The first shooting star that I undoubtedly saw was so bright, it caught me completely by surprised, especially since I saw it from the corner of my eye when I turned my head to answer someone. I whipped my head back quickly enough to catch the tail. It was like a fireball streaking across the sky; it was so amazing. I can’t believe the Perseids Showers happens annually and this is the first time I’ve read or heard about it. We couldn’t see it last year because of the Super Moon but what about all the previous years? Did people not care or know about it back then? Have I been deceived by movies all these years in thinking that they’re such rare occurrences when they’re actually quite common? We have five more meteor showers to look forward to this year:
- October 2015: The Draconoid Meteor Shower (supposed to peak Oct. 9th; Oct 13th is the new moon, creating ideal stargazing conditions)

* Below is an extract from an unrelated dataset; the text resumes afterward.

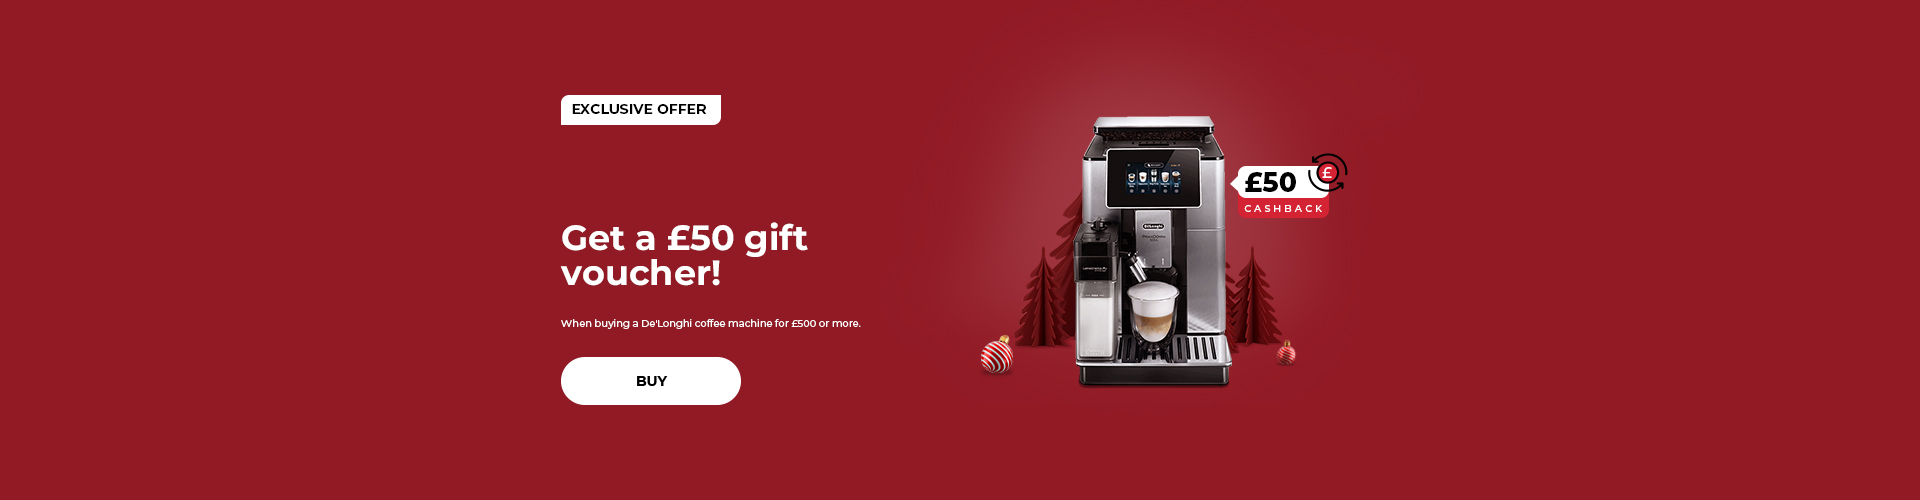 "Get a €50 gift voucher! When buying a De'Longhi coffee machine for €500 or more."

- October 2015: The Orionoid Meteor Shower (visible Oct. 2-7; supposed to peak Oct. 20 & 21)
- November 2015: The Leonid Meteor Shower (supposed to peak Nov. 17-18)
- December 2015: The Geminids Meteor Shower (supposed to peak Dec. 13-14)
- December 2015: The Ursids Meteor Shower (supposed to peak Dec. 21st, but full moon will make it hard to see)
I have no idea if those are as visible or accessible as the Perseids though; I didn’t need a telescope or anything on Friday.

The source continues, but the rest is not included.